Lastly, Fenner et al. (2007) write that "peatland ecosystems are vast global repositories of organic matter, containing an estimated 455 Gt of carbon (Gorham, 1991)," and they suggest, therefore, that it is important to determine how they will likely respond to projected increases in the air's CO2 content. Hence, they collected intact peat monoliths -- comprised predominantly of Sphagnum (S. subnitens Russ. and Warnst.) and Festuca ovina L., with small amounts of Juncus effusus L. and Polytrichum commune Hedw. -- in perfusion systems that allowed for fine control of the water table and lateral water movements, which they maintained for approximately three years in Solardomes with atmospheric CO2 concentrations of ambient or ambient plus 235 ppm, while daily supplying the mini-ecosystems with synthetic rainwater that was comparable in volume and nutrient content to that received at the site from which the monoliths were extracted.

At the end of their 3-year experiment, the seven UK researchers say they found that "species composition showed a shift from a Sphagnum-dominated community to one in which vascular monocotyledonous species dominated," as S. subnitens cover declined by 39% under elevated CO2, whereas J. effusus cover increased, from less than 1% in the control perfusion systems to 40% in the systems exposed to elevated CO2. At the same time, they found that "aboveground plant biomass showed a substantial increase under elevated CO2 (115%, P < 0.01) as did belowground biomass (96%, P < 0.01)." What is more, they report that "J. effusus roots were observed to be particularly thick, deep, and extensive under elevated CO2."

In conclusion, as the air's CO2 content continues to climb ever higher, it would appear that the carbon content of the planet's peatlands should also continue to rise -- and dramatically so -- especially if ecosystem productivity responds like it did in the monoliths studied by Fenner et al. These latter researchers, however, suggest just the opposite; but their reason for doing so derives from their believing in the validity of the tremendous warming that is predicted to accompany the increase in atmospheric CO2 by the world's newest Nobel Peace Prize winner, i.e., the IPCC (and Al Gore). We feel a greater allegiance to sticking with what is more surely known, among which things are the results of Fenner et al.'s own experimentation.

References
Fenner, N., Ostle, N.J., McNamara, N., Sparks, T., Harmens, H., Reynolds, B. and Freeman, C. 2007. Elevated CO2 effects on peatland plant community carbon dynamics and DOC production. Ecosystems 10: 635-647.
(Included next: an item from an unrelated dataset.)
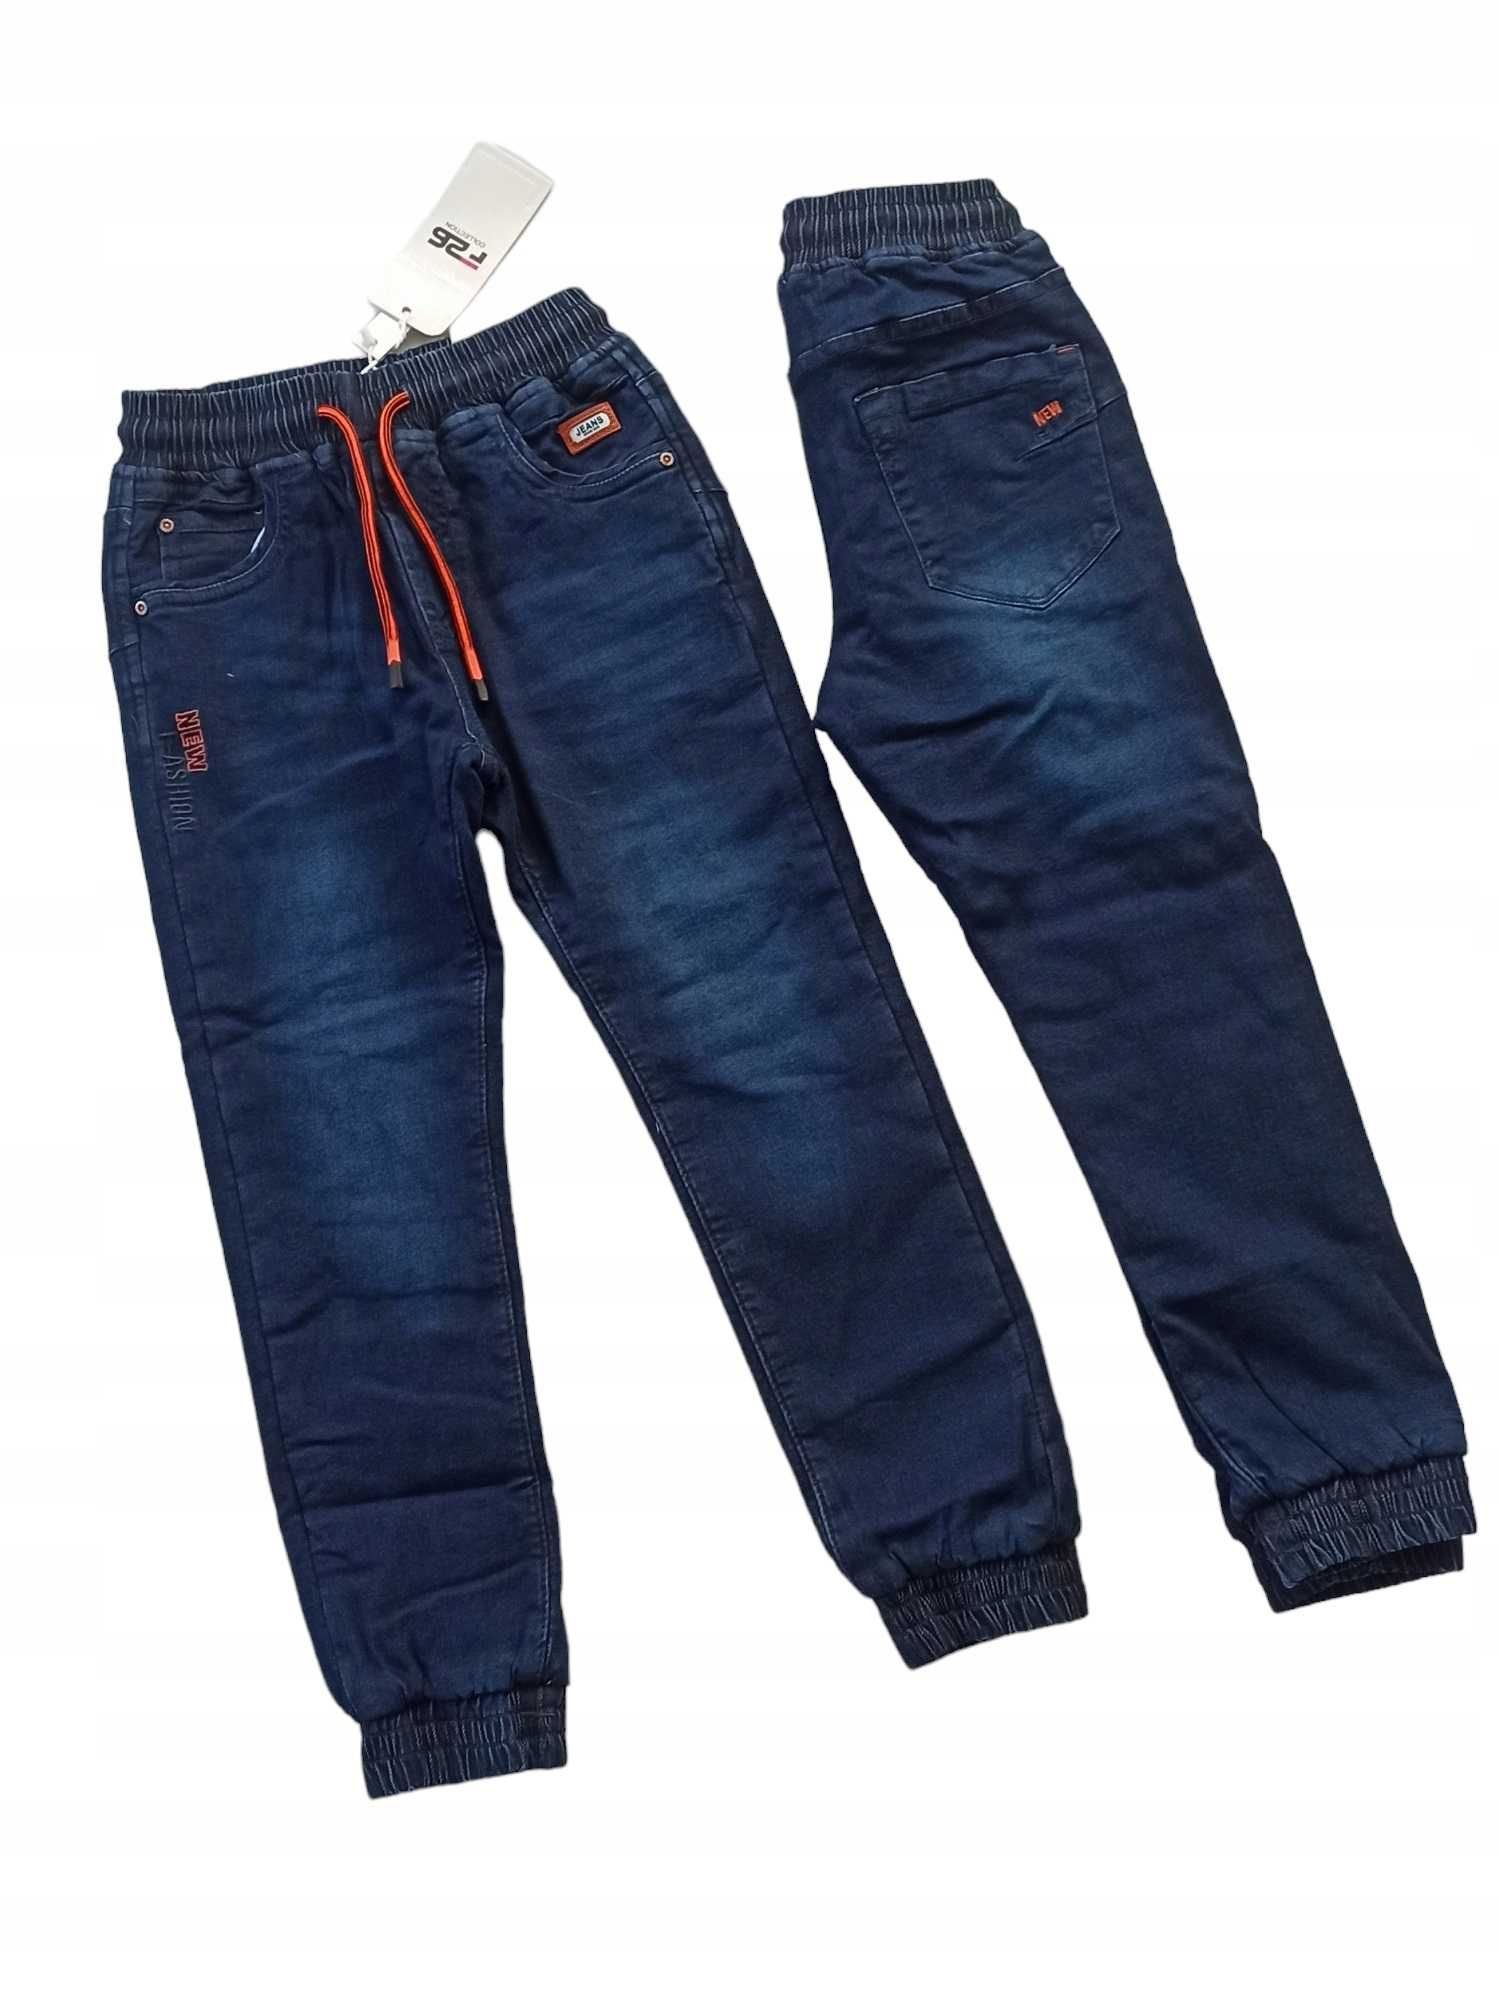 Spodnie Jeans miękkie elastyczne GUMA ocieplane polarem nowy r 122-128

Frolking, S. and Roulet, N.T. 2007. Holocene radiative forcing impact of northern peatland carbon accumulation and methane emissions. Global Change Biology 13: 1079-1088.

Gorham, E. 1991. Northern peatlands: role in the carbon cycle and probable responses to climatic warming. Ecological Applications 1: 185-192.

Turetsky, M.R., Wieder, R.K., Vitt, D.H., Evans, R.J. and Scott, K.D. 2007. The disappearance of relict permafrost in boreal North America: Effects on peatland carbon storage and fluxes. Global Change Biology 13: 1922-1934.